GAA pundit Joe Brolly describes how he welcomed young homeless man into his house

Joe Brolly told The Late Late Show how he welcomed a young homeless man into his home to live before Christmas
Gareth McKeown

ALL-IRELAND winner Joe Brolly has described for the first time how he invited a young homeless man to live in his house.

The outspoken GAA pundit, who previously donated a kidney to a friend in 2012, opened up about his latest selfless act which he described as like a scene from the 1980s movie Trading Places.

Speaking to Ryan Tubridy on RTÉ's The Late Late Show, the barrister told how he came to welcome the young man into his home in the leafy Malone Road area of Belfast before Christmas.

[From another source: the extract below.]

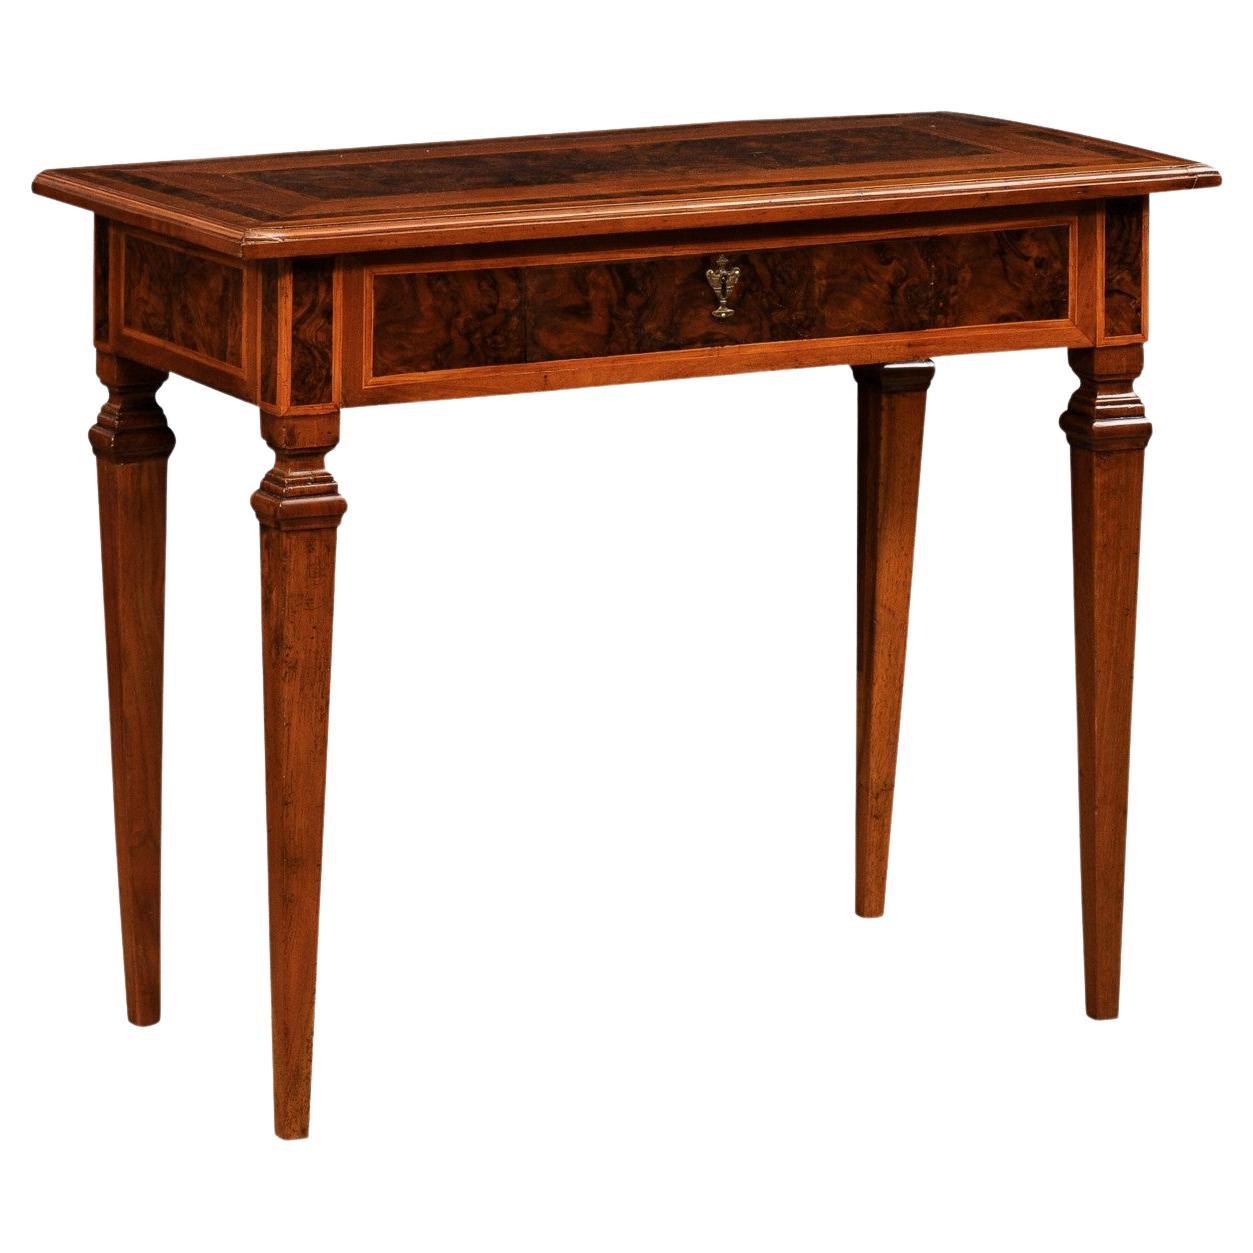 Italian Neoclassical Period 18th Century Console Table with Marquetry Décor For Sale

"I saw the kid on the street and we talked for a while and he was only 20," he said.

"And it was freezing and I said 'come with me' and he came with me.

"It is a very interesting experiment. That was at the start of December. It is a bit like Trading Places.

"I just trust him and very quickly he was responding to that. He was warm, he was safe and he didn't have to pay rent. He was eating well."

Although he brought a photograph of his house guest with him to the television show, Mr Brolly did not reveal the man's identity.

He did though, provide an insight into their home life, joking how he has lent him suits to attend interviews, despite Brolly being a foot taller.

“He was going to job interviews in my suits looking like Charlie Chaplin, proud as punch."

He said the young man has now secured full-time employment, but before worked a zero hours contract with no security.

"The bus cost him £7.50, he was getting £6.10 an hour. The first day they brought him in for two hours and after two hours they said no, we don't need you any longer today.

"At the end of the week he had like six hours, £36. He had spent more on the bus.

"How do people live? This is a systemic problem. He's working as a painter and decorator now and he's proud as punch and then he saves a bit of money with me every Friday.

"He's absolutely thrilled every time he asks 'how much do I have now'."

Mr Brolly said had he not taken the young man in, the alternative could have been "very bleak”.

"About a month after he was with me I drove him down to go to the funeral of one of his friends who had died on the street of hypothermia," he said.

In the same interview Mr Brolly responded to speculation he could become the next president after his odds were slashed to 20/1.

When asked if he was interested, the 1993 All-Ireland winner with Derry responded: "I don't think so really, it's an ambassadorial role really."

After further probing, Mr Brolly said he would consider the prospect "if I thought I could make a difference".

"There are five or six things that could make a huge difference in areas and if you thought you could advocate for that it's not something that would be beyond the pale," he said.

RTÉ presenter Miriam O'Callaghan last week confirmed she would not be standing following speculation she was preparing a bid, amid uncertainty over whether President Michael D Higgins will seek a second term.